The draft law stipulates the following criteria for creating such groups:
- Only Russian companies may be included;
- No less than 90% of the participatory interests in each company in the group must be owned by other members of the group;
- The companies must not be eligible for special tax treatment, are must not be residents of any special economic zone and must have no standalone subdivisions outside Russia;
- The group members must have a unified accounting policy; and
- The group members must pay more than RUB15 billion in federal taxes in total, they must have aggregate revenues of more than RUB100 billion, while their aggregate assets must be worth more than RUB1 trillion.
All members of such a consolidated group assume joint and several liability. The tax authorities will perform field tax audits of the members simultaneously. At the same time, transactions between the group members are not taken into account for tax calculation purposes. Tax is calculated based on the consolidated tax base (as in the total profits and losses of all members) and only at the general tax rate of 20%.
Changes to tax treatment for foreign investors selling Russian stocks
On June 7 2011, Federal Law No. 132-FZ came into force. One of the amendments it has made to legislation is to add to article 309 Russian Tax Code, establishing particular features for taxing the income from Russian sources of foreign organisations with no permanent establishment in Russia.
Under the old rule of the Russian Tax Code, profits from the sale of stocks and shares in Russian companies were treated as income from sources in Russia and were therefore taxable in Russia. This rule applied to stocks and shares in Russian companies more than 50% of the assets of which consisted of immovable property situated in Russia, and to derivatives based on such stocks (shares).
Now, the profits from the sale of stocks or shares of any Russian companies circulating on securities exchanges or from the sale of derivatives based on such stocks or shares are not treated as income from a source in Russia even if more than 50% of the assets of the company concerned consist of immovable property situated in Russia.

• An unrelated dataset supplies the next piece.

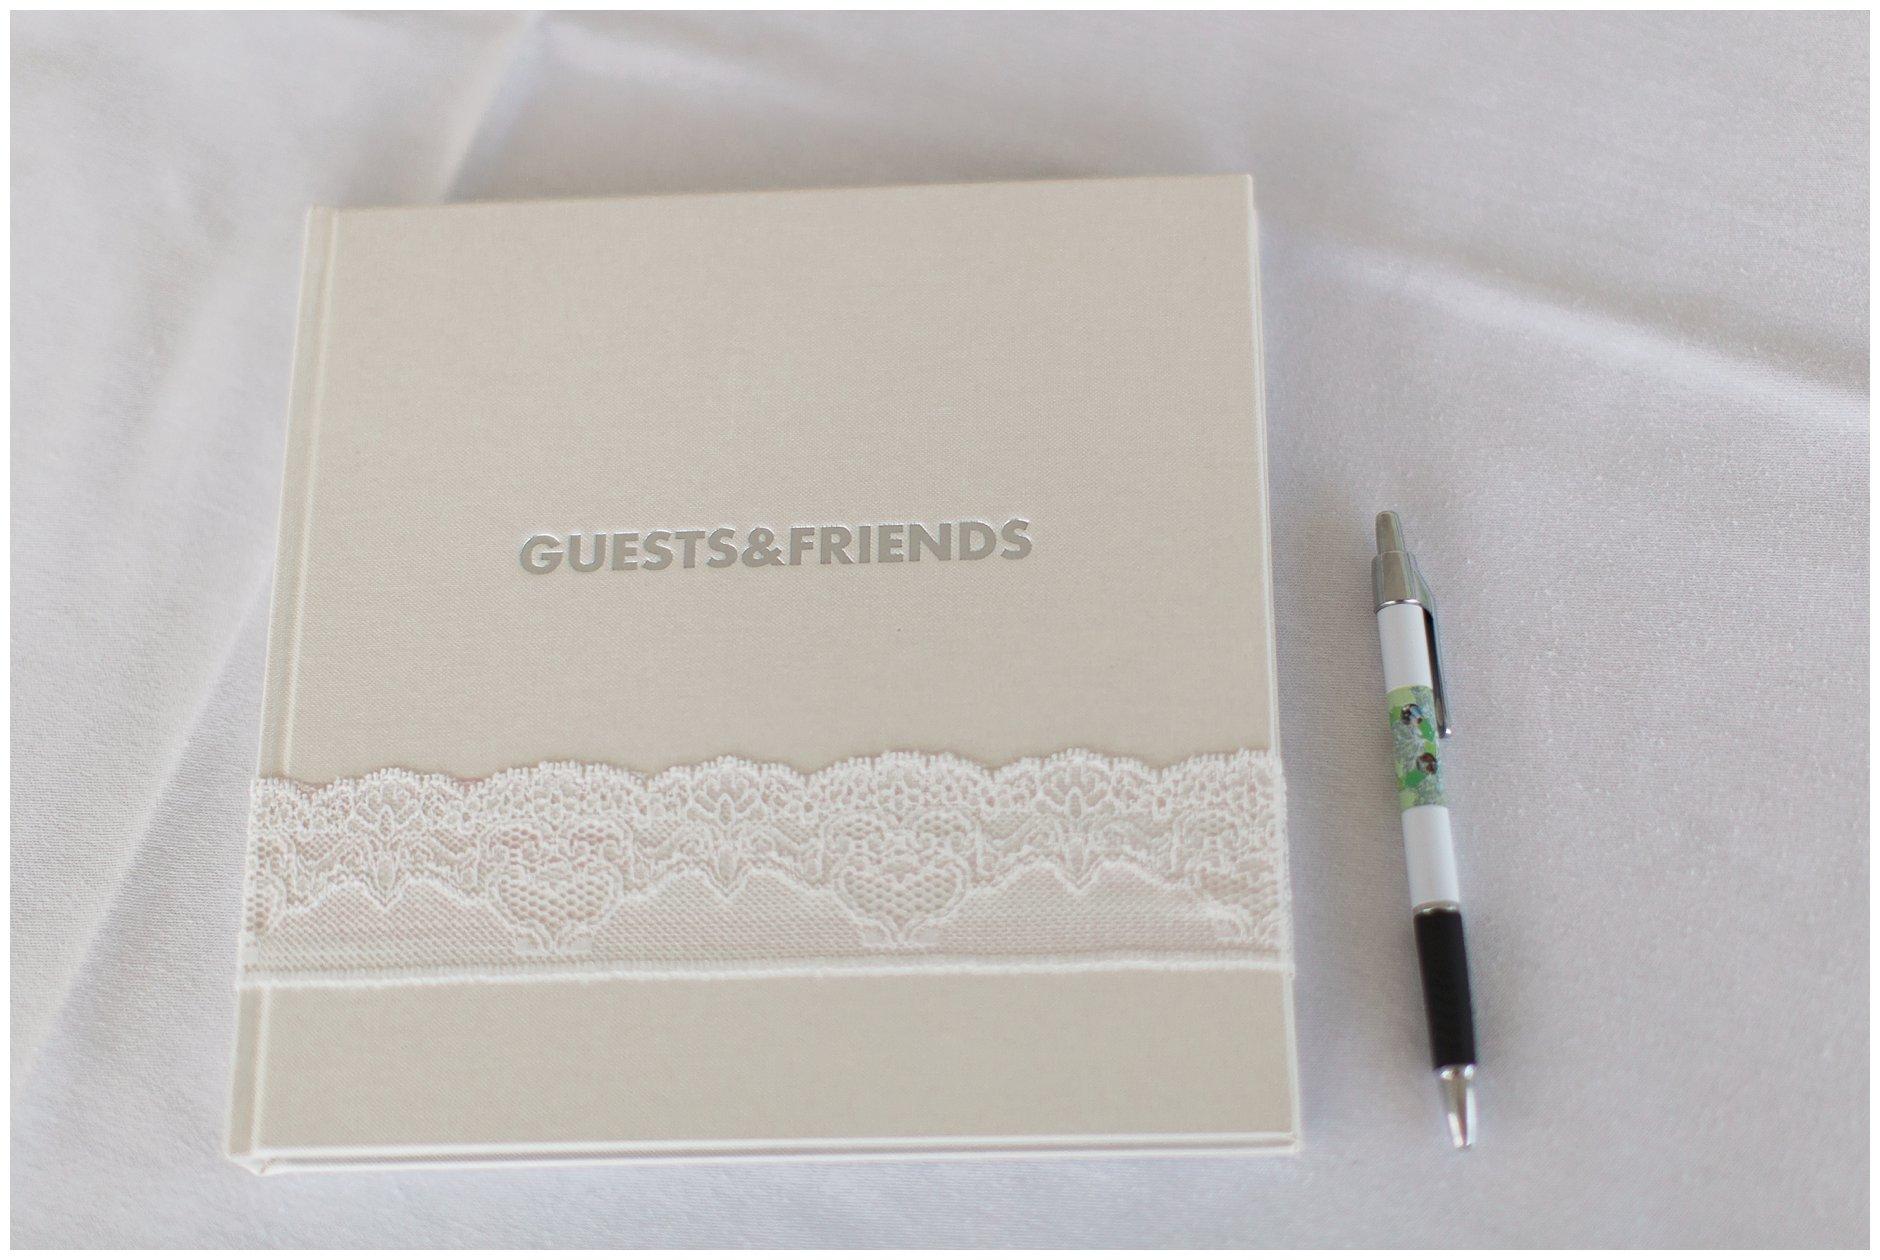 Tips til bruk av kjærestebilder i bryllupet - gjestebok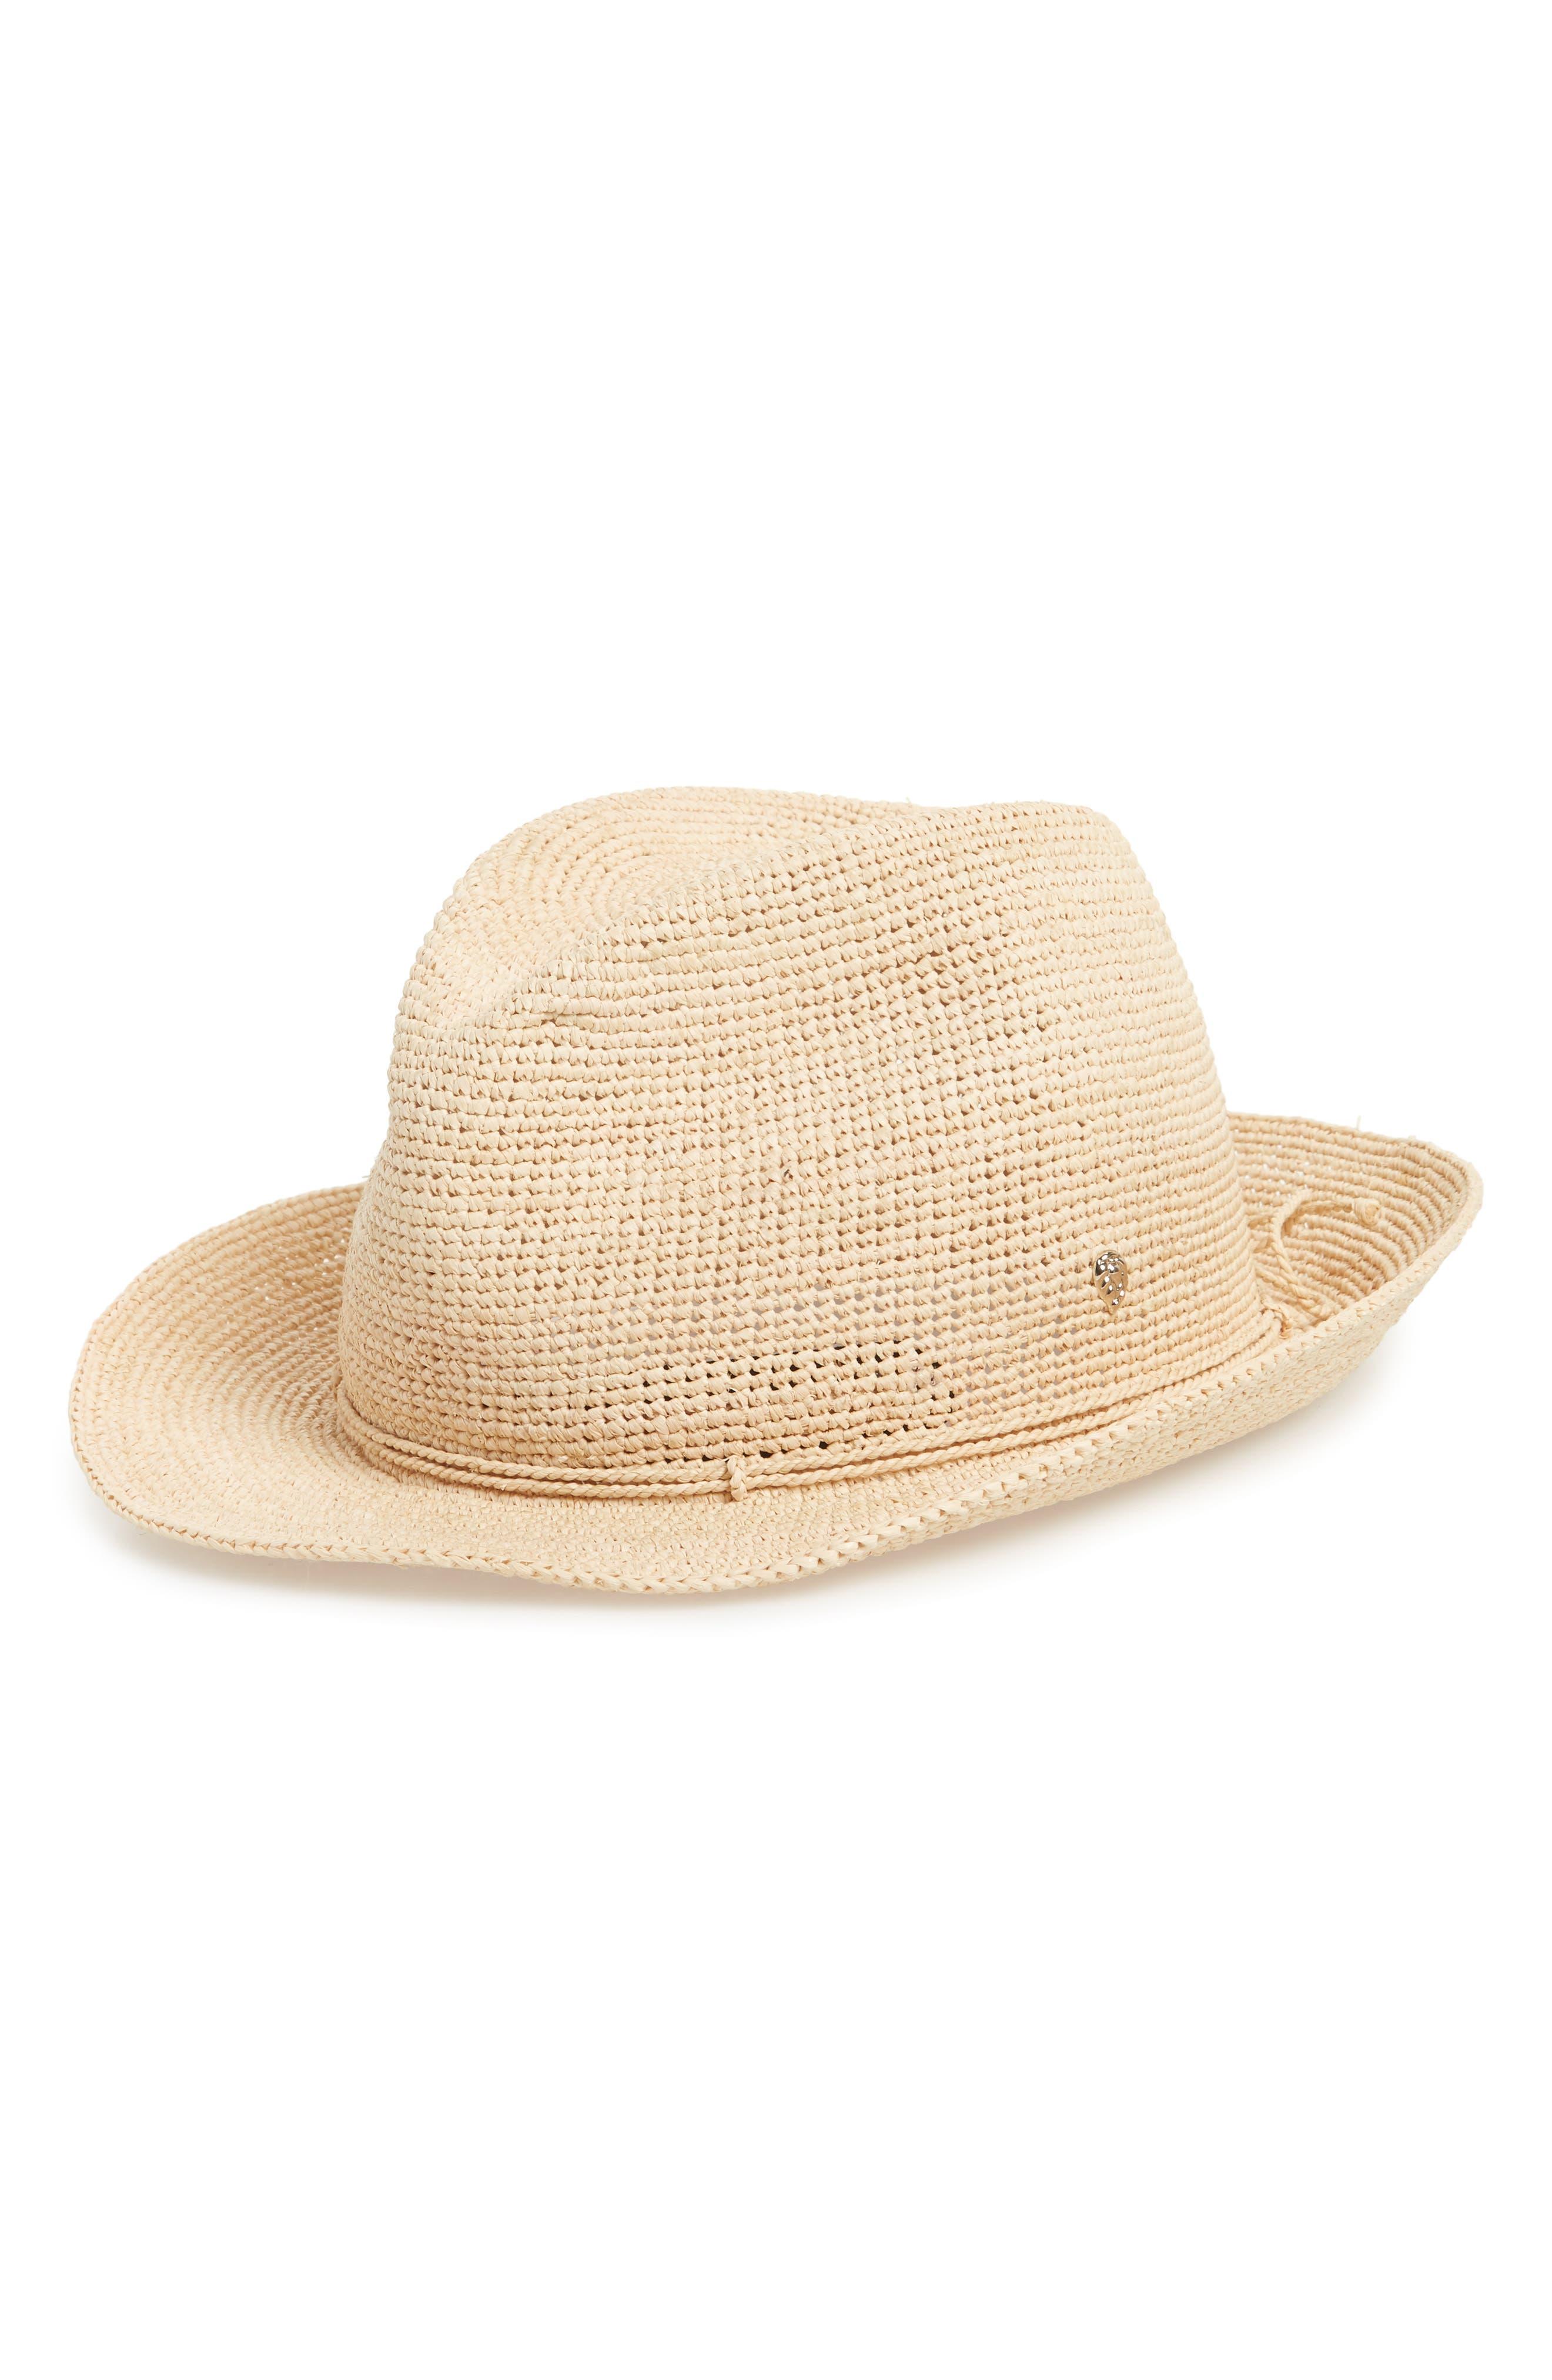 HELEN KAMINSKI Raffia Crochet Packable Sun Hat - Beige in Natural

Amendments to the Russian Tax Code to support investment activity and innovation
Federal Law No. 395-FZ dated December 28 2010 introduced a special tax regime for transactions with securities or participation interests in the issued capital of Russian companies when such securities or interests are acquired by taxpayers from January 1 2011 onwards. For individuals, the special tax regime allows them to declare income from the sale of securities and participation interests as non-taxable for income tax purposes. Legal entities are entitled to apply a zero rate for profit tax in relation to amounts of income received in transactions involving a sale or other disposal of participation interests in the issued capital of or securities in Russian companies. The main condition for receiving such tax benefits is that the taxpayer must have owned the participation interest or securities for an uninterrupted period of five years or more. A further condition for securities of Russian companies which are traded on an organised securities market is that the securities must be classed as being securities in the high-tech or innovation sector of the economy under a procedure to be established by the Russian government.
Law enforcement practice
New rules for taxation of investments
On July 11 2011, the Plenum of the Supreme Arbitration Court (SAC) reached two important conclusions in its Resolution No 54 On future real estate. These have completely changed the existing approach to the taxation of construction transactions, and will have a significant impact.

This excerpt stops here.